== Exercise ==
The whole listing below should be retyped exactly, without any images.

== Data extract ==
+ + + +
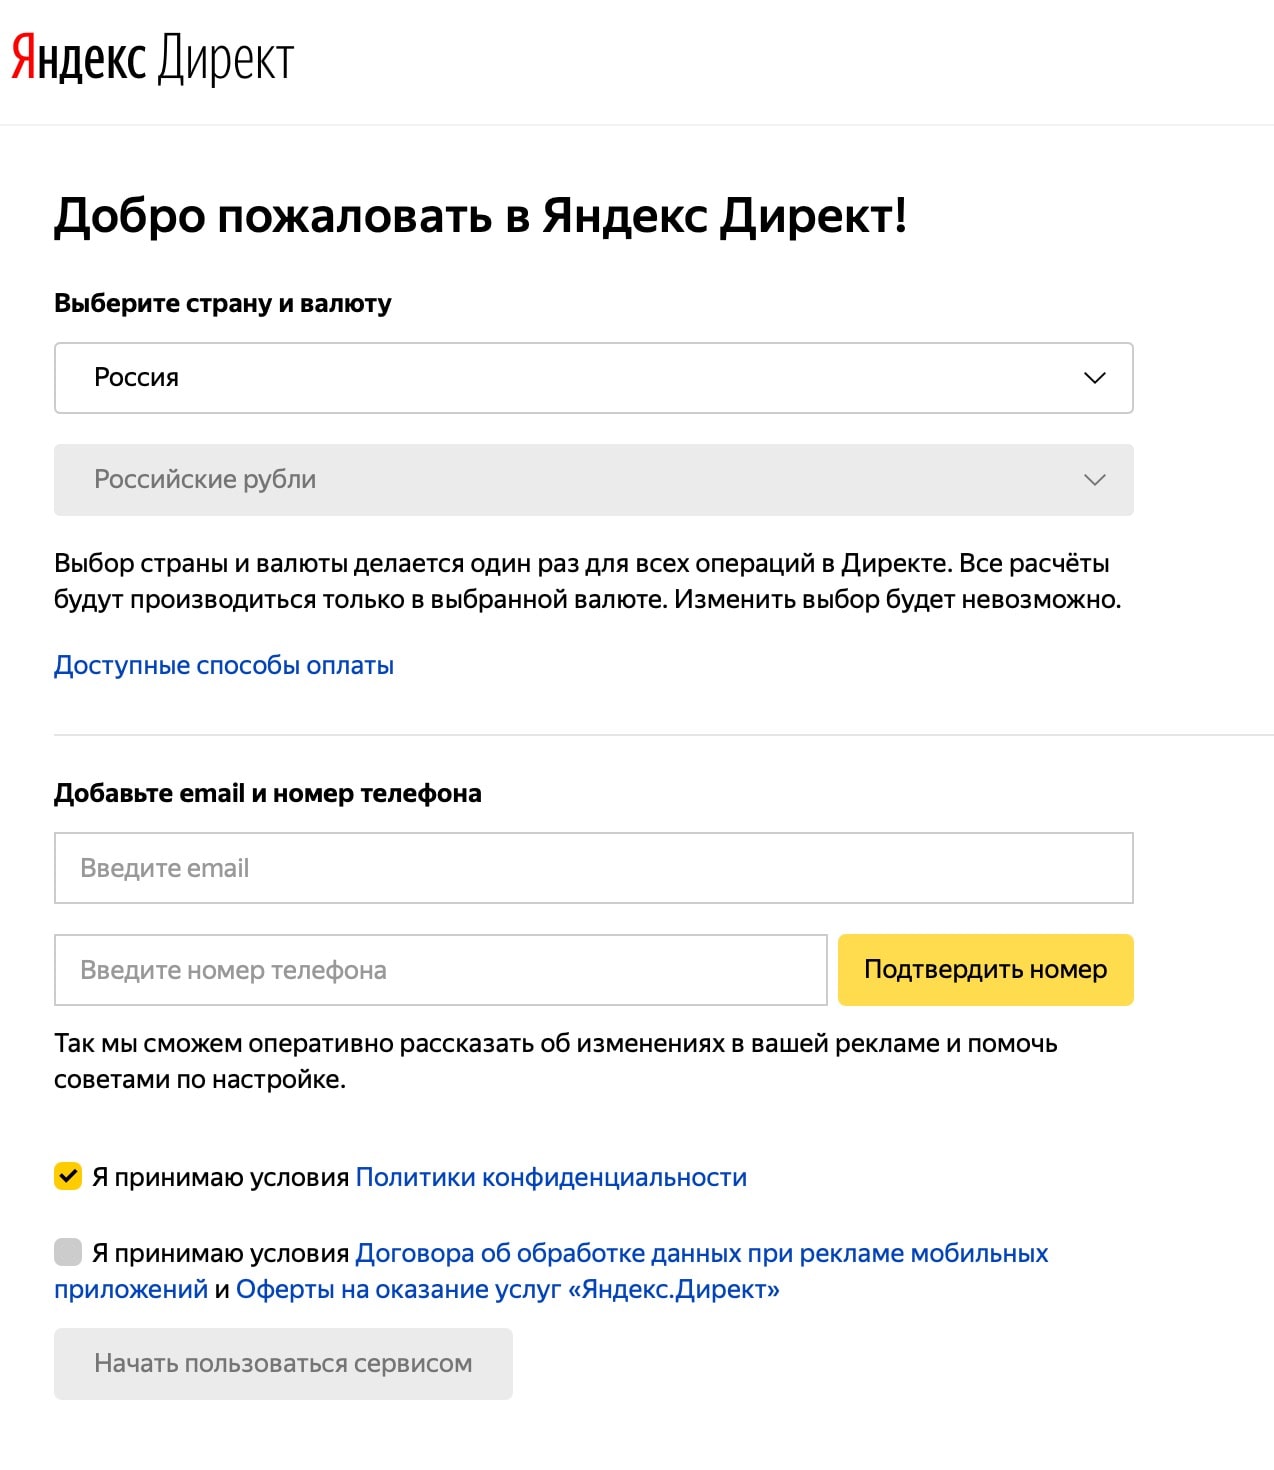 Кабинет Яндекс Директ
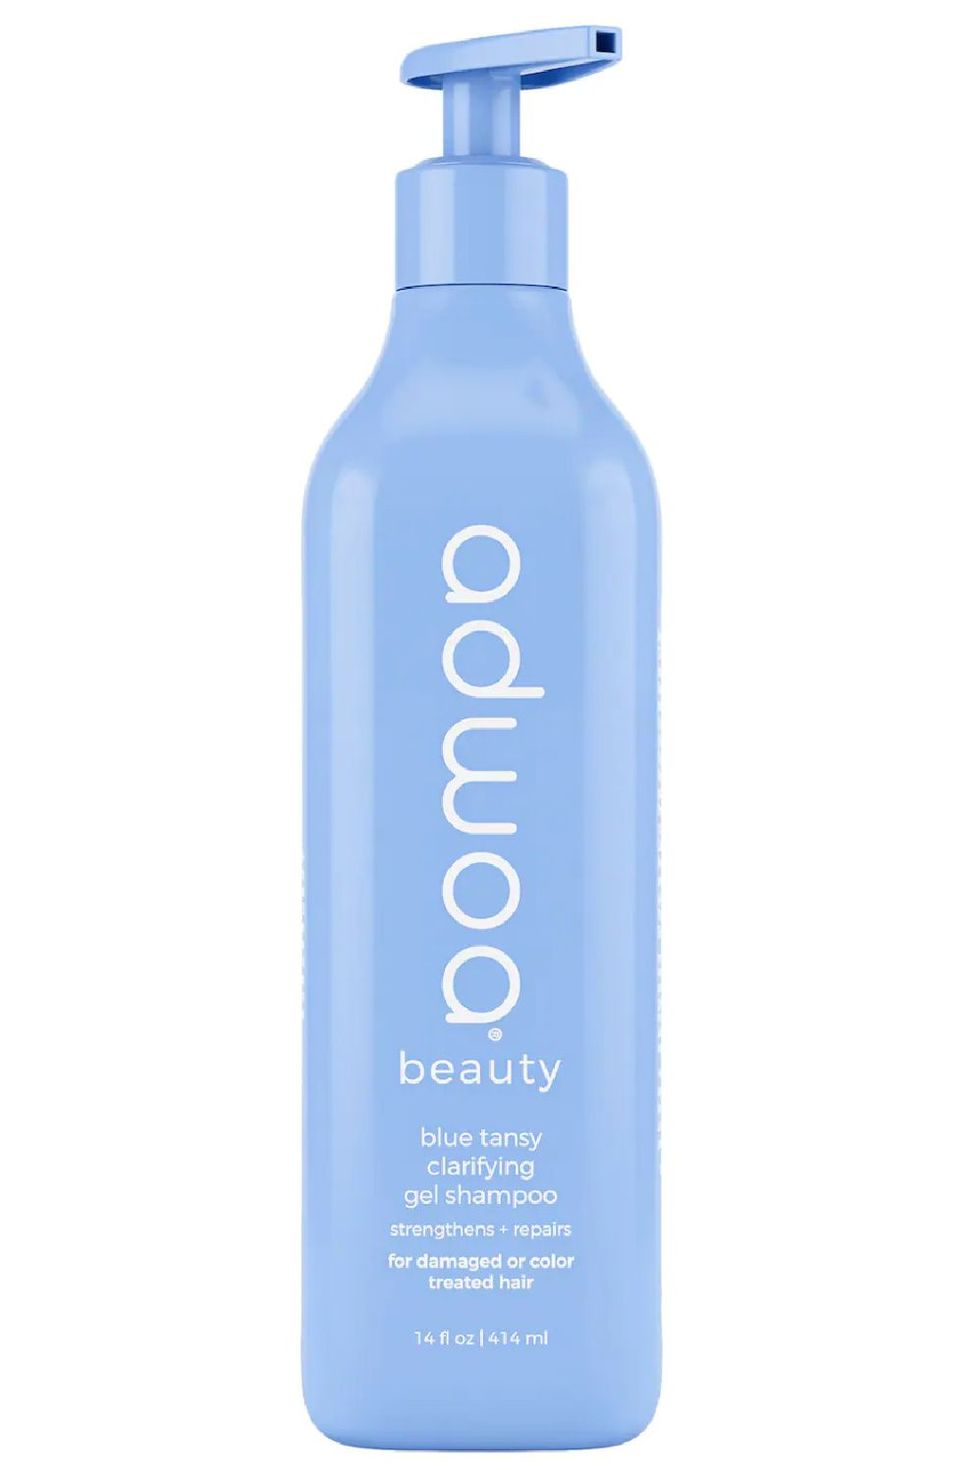 Adwoa Beauty Blue Tansy Clarifying Gel Shampoo
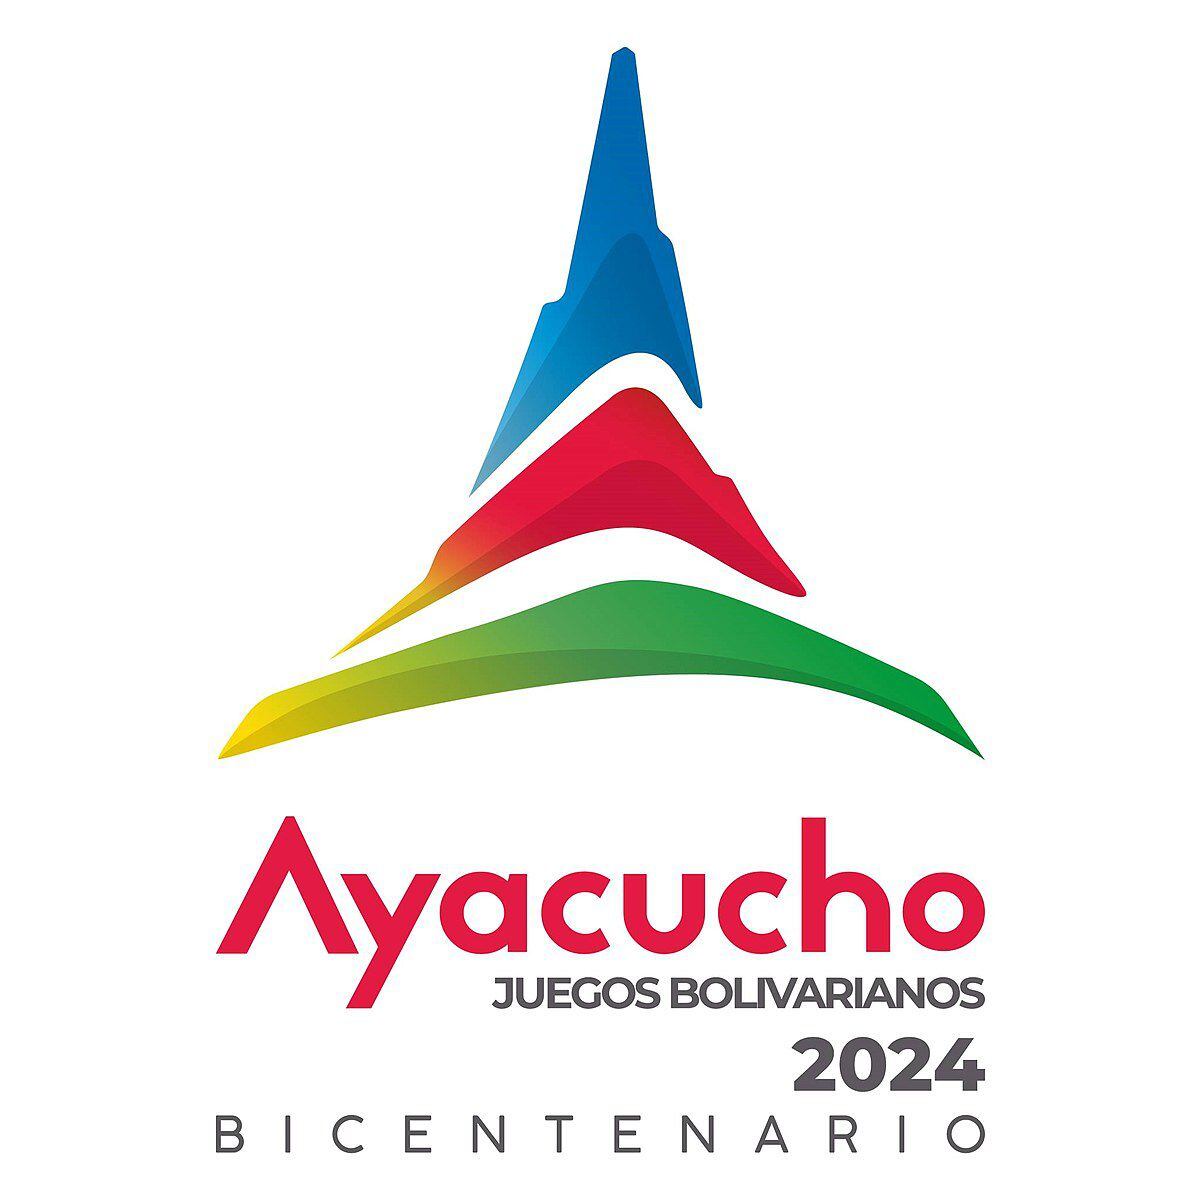 Juegos Bolivarianos Ayacucho 2024
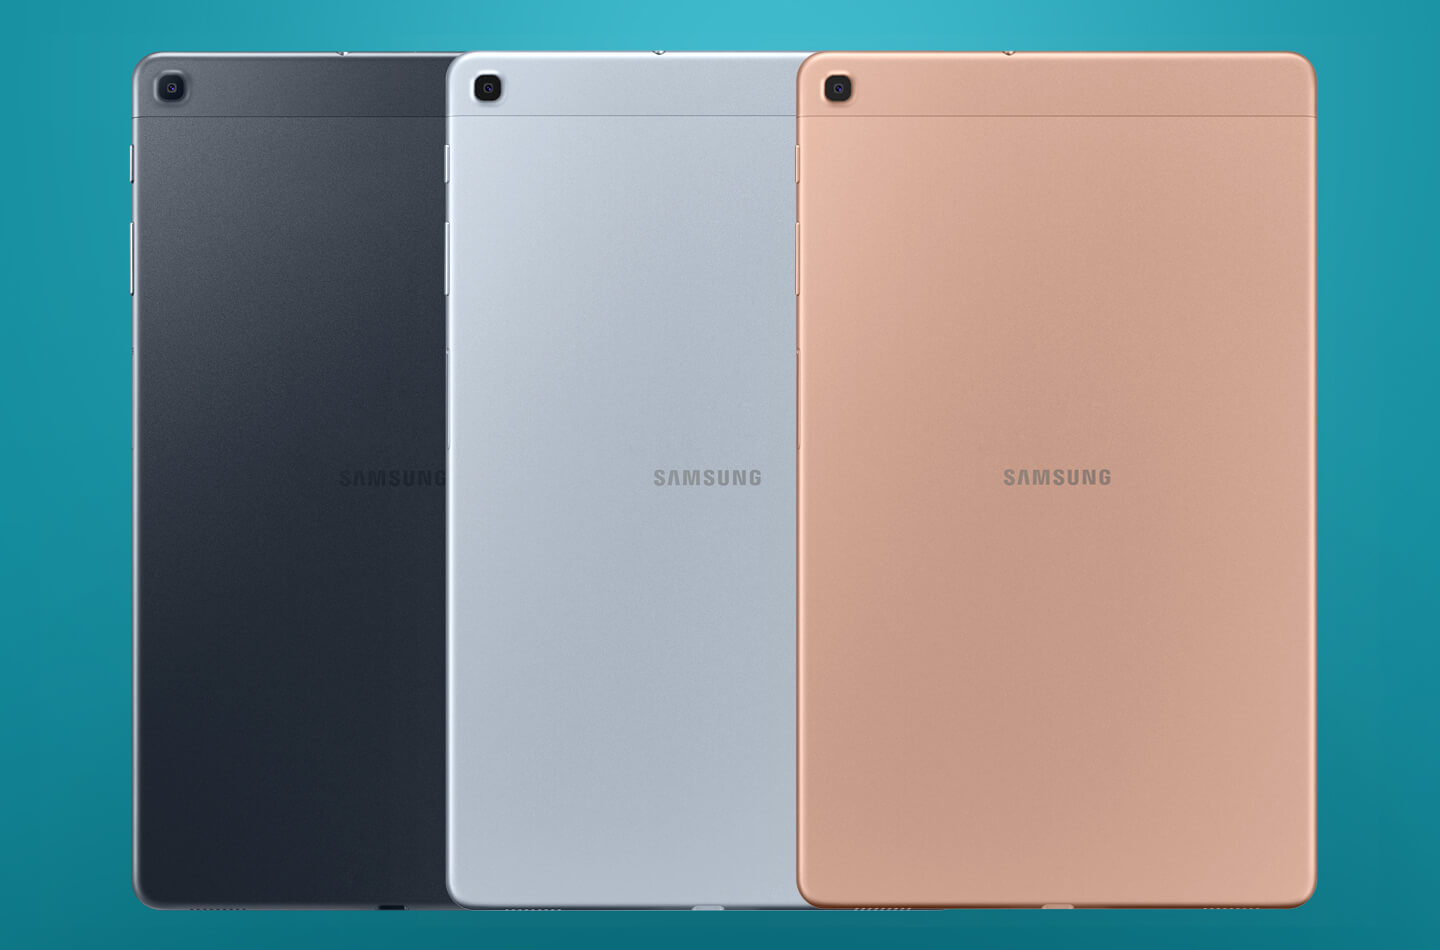 Definitief bijwoord Wonderbaarlijk Samsung Galaxy Tab A 2019 is een goedkope tablet voor kids | LetsGoMobile
+ + + +
== Solution to the problem ==
 Кабинет Яндекс Директ
 Adwoa Beauty Blue Tansy Clarifying Gel Shampoo
 Juegos Bolivarianos Ayacucho 2024
 Definitief bijwoord Wonderbaarlijk Samsung Galaxy Tab A 2019 is een goedkope tablet voor kids | LetsGoMobile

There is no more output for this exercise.